Egli evidenzia giustamente, citando autorevoli opinioni ed importanti studi statistici, che «lo strumento più importante del "people's empowerment" è l'istruzione...un fattore fondamentale di sviluppo della persona e della società. Attraverso l'istruzione – per dirla parafrasando l'articolo 3, secondo comma della Costituzione – si rimuovono gli ostacoli che limitano di fatto l'eguaglianza e impediscono il pieno sviluppo della persona e l'effettiva partecipazione all'organizzazione sociale...il tasso di abbandono degli studi è di quattro punti percentuali più alto di quello registrato in Francia e in Germania...l'arretratezza culturale è stata – ed è –un fattore di freno allo sviluppo economico e civile. È noto che studiare conviene ai singoli individui, sia per la più alta probabilità di occupazione, sia per il vantaggio retributivo che un titolo di studio elevato garantisce...
i benefici dello studio non si limitano alla sfera economica... le persone istruite hanno una speranza di vita più elevata, conducono una vita più sana, sono cittadini più consapevoli e attivi, sono più aperti nel confronti degli altri...difficilmente un Paese che abbia un livello di istruzione modesto può oggi prosperare economicamente, contando sul "genius loci", come successe all'Italia nel secondo dopoguerra: tecnologia e globalizzazione richiedono sempre più la capacità di padroneggiare un corpo codificato di conoscenze e competenze, che consenta di applicare i risultati della ricerca, dell'innovazione e delle tecniche più avanzate».

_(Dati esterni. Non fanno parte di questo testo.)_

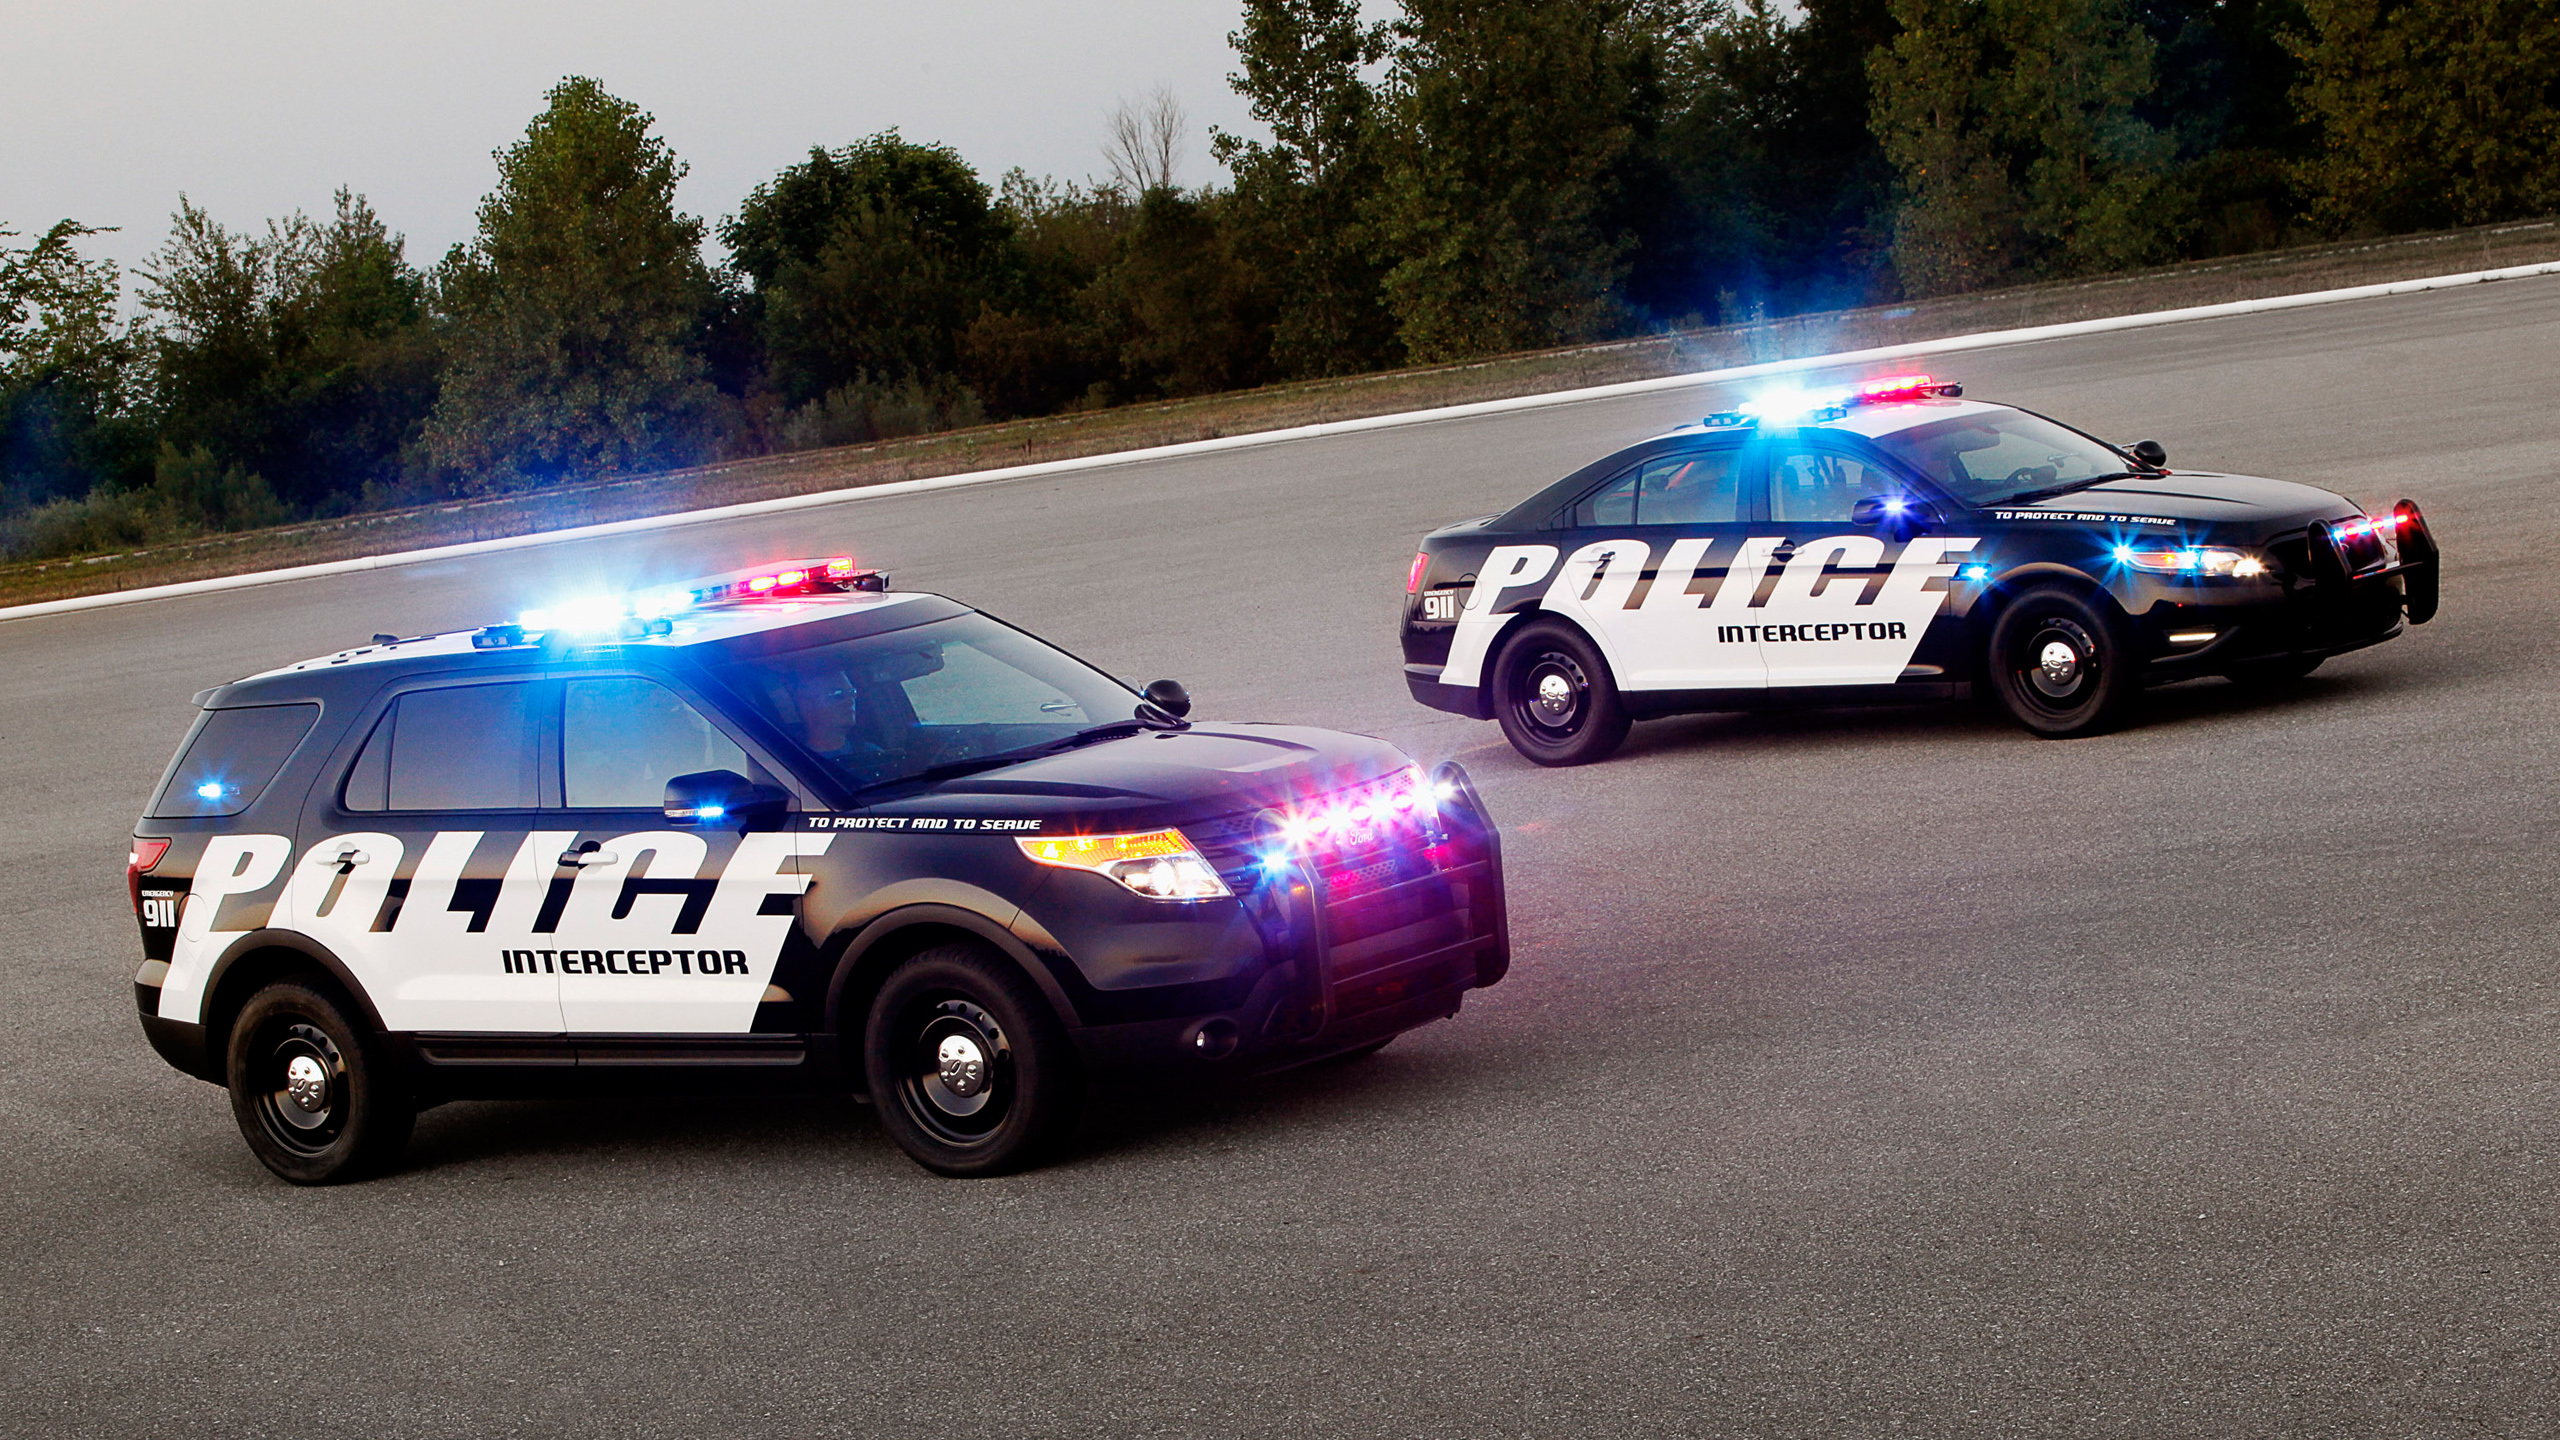 2014 Ford Police Interceptors Wallpaper HD Car Wallpapers ID 4346

Tale sconfortante situazione generale ha effetti devastanti, anche e soprattutto perché il basso livello generale di istruzione della società italiana si riflette purtroppo sullo Stato e sulla sua classe dirigente. Il primo risulta spesso inadeguato a soddisfare le esigenze crescenti della popolazione, e la seconda, essendo sempre più "ignorante", appare impreparata ad affrontare le grandi sfide del futuro. Cassese conclude il suo saggio con una considerazione agrodolce. E cioè che una volta si stava peggio, ma in compenso il futuro appariva molto migliore di quello che invece sembra pararsi avanti a noi. Per cambiare questa prospettiva occorre sforzarsi per (ri)progettarlo, bisogna creare le basi di un nuovo Rinascimento, di nuove "infrastrutture intellettuali", che consentano al maggior numero di persone di essere artefici e protagoniste del proprio domani. Non è cosa facile, ma è l'unica cosa da fare. Perché – prendendo a prestito una splendida frase del geniale inventore americano Charles Franklin Kettering –«tutti dovremmo preoccuparci del futuro, in quanto è là che dobbiamo passare il resto della nostra vita».